Para quien no lo sepa, los orígenes de este grupo irrepetible se encuentran en un festival de coros universitarios, al final de los años 60. Uno de los fundadores, el prematuramente desaparecido Gerardo Masana, utilizó el prospecto de un laxante para componer un remedo de cantata barroca (la formación musical de casi todos ellos era superlativa).
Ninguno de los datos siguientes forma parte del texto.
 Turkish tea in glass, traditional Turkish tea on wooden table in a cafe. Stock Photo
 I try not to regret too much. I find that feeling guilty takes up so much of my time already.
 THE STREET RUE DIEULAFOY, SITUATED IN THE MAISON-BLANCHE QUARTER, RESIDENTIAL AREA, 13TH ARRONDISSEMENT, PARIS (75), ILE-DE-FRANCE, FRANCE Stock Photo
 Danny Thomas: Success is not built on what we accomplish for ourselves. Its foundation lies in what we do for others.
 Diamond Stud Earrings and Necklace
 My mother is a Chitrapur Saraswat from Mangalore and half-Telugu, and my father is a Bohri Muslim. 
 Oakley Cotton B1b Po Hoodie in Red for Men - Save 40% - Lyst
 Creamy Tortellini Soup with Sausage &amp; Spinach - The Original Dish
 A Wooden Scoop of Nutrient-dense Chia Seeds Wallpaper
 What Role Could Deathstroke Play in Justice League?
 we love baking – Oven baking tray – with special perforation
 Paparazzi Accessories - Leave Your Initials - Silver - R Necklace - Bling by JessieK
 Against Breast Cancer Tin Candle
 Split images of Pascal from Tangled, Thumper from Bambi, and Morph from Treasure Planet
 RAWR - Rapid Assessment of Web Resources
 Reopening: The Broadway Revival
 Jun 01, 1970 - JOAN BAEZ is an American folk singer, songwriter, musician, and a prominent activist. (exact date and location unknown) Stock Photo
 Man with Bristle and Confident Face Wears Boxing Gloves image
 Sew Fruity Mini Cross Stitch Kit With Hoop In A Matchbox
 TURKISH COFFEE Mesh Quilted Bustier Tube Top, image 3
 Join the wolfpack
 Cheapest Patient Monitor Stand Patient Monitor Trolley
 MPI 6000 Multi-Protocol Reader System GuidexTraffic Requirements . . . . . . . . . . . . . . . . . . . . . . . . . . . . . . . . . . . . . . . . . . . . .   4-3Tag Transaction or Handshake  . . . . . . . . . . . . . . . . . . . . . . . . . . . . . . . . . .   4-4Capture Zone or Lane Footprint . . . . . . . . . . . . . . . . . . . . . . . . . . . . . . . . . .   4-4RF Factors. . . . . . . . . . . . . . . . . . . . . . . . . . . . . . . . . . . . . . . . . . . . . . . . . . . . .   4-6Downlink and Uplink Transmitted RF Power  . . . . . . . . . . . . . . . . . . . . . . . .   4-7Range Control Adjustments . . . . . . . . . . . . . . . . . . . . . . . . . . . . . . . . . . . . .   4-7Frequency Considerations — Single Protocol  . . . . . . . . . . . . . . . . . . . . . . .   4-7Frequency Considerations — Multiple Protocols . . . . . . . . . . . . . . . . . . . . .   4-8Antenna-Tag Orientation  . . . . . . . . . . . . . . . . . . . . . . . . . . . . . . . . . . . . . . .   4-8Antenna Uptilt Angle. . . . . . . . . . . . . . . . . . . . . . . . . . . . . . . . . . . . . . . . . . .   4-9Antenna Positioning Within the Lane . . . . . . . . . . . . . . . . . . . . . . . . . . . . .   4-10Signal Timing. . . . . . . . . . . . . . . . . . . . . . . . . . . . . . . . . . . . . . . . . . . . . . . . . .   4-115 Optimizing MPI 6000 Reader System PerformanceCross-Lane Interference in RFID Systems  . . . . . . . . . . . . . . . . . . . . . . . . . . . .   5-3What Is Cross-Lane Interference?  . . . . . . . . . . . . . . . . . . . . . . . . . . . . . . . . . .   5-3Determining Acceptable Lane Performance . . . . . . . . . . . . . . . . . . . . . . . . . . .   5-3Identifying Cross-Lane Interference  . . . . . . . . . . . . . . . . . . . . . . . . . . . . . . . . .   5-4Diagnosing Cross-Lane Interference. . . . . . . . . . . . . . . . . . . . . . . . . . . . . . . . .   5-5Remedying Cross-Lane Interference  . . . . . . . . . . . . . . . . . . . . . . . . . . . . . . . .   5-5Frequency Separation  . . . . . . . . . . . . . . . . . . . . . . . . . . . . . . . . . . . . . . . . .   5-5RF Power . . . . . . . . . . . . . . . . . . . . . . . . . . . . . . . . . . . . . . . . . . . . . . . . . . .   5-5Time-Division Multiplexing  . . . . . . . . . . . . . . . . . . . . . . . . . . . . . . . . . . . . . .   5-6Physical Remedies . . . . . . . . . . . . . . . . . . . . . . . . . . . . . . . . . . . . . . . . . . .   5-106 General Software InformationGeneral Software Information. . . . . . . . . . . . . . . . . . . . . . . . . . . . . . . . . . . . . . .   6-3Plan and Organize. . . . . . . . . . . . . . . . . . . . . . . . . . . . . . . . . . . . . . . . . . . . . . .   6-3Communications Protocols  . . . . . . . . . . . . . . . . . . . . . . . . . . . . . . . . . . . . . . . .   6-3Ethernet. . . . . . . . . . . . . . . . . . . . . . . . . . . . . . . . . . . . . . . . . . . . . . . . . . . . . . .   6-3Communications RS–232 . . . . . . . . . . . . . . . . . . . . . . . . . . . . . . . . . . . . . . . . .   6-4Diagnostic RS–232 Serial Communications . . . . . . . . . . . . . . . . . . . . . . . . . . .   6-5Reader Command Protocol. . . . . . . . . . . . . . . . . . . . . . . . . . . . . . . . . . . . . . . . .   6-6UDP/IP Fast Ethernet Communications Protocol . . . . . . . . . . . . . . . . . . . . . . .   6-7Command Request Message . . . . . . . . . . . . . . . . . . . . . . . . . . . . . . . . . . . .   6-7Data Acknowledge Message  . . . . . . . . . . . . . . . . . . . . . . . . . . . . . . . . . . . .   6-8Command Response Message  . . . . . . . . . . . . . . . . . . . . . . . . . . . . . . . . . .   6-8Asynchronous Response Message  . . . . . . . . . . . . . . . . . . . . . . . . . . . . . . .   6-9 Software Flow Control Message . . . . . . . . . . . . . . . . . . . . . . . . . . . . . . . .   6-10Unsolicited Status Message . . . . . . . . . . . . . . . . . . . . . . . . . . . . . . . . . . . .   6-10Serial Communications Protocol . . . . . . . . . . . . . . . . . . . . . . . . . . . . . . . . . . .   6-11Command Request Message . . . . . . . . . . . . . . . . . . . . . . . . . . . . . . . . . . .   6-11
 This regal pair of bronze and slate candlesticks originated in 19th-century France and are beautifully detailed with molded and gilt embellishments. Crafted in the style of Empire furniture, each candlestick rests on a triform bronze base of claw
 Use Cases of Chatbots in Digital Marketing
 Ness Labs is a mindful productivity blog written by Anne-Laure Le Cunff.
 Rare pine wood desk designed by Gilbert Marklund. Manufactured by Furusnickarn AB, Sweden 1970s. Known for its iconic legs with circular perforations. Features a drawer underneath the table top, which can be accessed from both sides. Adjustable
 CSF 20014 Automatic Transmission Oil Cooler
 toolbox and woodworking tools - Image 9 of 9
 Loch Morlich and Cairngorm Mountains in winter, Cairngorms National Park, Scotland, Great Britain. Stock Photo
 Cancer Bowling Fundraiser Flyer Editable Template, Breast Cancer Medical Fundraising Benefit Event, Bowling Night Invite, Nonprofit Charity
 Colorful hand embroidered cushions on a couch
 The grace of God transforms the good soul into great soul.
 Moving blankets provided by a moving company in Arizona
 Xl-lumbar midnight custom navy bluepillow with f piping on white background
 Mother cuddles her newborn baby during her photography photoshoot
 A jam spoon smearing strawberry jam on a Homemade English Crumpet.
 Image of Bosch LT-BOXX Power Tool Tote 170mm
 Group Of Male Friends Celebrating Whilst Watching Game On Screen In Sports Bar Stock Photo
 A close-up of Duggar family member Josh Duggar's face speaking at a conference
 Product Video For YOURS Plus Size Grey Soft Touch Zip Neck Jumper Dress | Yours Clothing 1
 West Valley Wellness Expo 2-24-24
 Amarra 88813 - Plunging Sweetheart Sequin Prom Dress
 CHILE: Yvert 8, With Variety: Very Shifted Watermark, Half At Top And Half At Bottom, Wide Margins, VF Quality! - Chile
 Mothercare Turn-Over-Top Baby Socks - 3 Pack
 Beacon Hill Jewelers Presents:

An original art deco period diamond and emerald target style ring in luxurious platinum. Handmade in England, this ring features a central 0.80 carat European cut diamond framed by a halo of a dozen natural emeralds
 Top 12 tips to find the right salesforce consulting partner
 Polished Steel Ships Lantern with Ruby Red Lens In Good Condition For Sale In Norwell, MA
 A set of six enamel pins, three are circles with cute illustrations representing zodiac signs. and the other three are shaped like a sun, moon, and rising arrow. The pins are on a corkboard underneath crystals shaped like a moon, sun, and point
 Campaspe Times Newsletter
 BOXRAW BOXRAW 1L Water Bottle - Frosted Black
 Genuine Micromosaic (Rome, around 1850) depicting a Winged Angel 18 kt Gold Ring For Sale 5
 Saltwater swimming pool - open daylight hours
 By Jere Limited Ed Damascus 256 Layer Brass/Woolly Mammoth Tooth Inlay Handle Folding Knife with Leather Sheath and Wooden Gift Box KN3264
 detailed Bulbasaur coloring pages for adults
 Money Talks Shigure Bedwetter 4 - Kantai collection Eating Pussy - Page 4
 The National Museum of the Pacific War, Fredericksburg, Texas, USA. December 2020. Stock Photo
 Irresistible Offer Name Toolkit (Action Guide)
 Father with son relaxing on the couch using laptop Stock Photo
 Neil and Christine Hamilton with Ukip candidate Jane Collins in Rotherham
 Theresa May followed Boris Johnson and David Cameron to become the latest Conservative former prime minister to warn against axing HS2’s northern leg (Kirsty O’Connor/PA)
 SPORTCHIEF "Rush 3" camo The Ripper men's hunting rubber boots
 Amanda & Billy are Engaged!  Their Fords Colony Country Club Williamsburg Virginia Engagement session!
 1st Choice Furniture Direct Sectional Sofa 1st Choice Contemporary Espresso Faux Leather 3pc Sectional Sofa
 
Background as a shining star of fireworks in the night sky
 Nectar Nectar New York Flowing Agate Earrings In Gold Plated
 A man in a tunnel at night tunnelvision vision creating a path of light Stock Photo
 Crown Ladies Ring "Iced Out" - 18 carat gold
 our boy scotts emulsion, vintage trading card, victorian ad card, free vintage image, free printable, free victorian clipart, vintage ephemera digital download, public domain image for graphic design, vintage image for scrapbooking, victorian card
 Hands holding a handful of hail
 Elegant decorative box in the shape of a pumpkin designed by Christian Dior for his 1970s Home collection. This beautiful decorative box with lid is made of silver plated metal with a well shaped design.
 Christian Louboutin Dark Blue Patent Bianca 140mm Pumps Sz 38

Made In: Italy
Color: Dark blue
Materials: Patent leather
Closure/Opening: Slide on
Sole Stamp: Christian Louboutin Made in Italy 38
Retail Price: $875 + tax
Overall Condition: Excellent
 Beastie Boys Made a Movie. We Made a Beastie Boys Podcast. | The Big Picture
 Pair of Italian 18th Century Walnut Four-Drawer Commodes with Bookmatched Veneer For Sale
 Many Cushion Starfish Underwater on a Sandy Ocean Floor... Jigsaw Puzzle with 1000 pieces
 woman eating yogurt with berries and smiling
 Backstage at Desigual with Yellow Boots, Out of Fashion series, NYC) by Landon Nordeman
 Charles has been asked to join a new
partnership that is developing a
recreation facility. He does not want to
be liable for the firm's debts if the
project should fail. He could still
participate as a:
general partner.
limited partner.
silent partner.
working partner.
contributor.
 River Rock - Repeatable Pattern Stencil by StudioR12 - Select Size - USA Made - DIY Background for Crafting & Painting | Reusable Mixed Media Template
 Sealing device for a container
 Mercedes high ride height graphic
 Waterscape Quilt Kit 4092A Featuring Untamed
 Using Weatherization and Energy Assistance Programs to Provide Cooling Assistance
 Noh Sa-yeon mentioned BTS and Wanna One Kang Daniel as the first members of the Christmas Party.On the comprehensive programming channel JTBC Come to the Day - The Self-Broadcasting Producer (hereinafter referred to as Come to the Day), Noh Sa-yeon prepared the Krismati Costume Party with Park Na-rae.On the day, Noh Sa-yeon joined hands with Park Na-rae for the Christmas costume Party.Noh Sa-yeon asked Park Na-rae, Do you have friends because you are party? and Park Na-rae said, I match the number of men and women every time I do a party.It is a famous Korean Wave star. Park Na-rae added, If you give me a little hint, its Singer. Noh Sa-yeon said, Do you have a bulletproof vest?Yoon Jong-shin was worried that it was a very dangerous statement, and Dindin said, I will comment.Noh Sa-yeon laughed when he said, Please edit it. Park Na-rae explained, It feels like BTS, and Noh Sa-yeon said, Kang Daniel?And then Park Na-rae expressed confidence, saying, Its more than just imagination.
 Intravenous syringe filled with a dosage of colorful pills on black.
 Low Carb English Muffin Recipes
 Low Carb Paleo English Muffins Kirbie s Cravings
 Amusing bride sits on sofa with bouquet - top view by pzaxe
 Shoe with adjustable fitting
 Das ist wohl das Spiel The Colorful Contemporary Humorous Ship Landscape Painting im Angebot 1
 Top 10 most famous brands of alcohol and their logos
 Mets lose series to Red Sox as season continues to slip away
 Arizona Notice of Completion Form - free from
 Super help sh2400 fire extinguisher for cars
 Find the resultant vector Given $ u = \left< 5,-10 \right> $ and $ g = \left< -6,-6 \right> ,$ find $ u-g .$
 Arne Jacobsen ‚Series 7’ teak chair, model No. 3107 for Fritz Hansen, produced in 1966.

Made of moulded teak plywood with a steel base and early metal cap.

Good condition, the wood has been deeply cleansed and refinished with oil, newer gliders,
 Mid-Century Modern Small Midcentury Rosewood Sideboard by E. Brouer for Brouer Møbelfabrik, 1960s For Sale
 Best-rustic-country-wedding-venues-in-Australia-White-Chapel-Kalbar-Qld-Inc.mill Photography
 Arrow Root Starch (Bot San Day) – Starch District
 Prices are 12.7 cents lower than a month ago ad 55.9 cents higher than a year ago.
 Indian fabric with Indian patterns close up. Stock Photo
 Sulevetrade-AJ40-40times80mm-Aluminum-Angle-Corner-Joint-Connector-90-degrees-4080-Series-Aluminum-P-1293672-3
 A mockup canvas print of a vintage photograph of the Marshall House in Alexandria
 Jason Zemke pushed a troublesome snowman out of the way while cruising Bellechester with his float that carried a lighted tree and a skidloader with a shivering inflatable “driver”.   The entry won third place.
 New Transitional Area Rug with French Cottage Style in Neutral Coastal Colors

El éxito fue inmediato y a partir de ahí fueron creciendo poco a poco, afianzando su propuesta y conquistando todos los países de habla hispana (primero América latina, luego España) enarbolando siempre la bandera del humor basado en la palabra y en la música, apóstoles de una comicidad que huía de histrionismos y de senderos trillados. Por el camino fueron cambiando algún componente, hasta llegar a la formación con la que serán recordados por la historia: Jorge Maronna, Daniel Rabinovich, Carlos Núñez, Carlos López Puccio… y Marcos Mundstock.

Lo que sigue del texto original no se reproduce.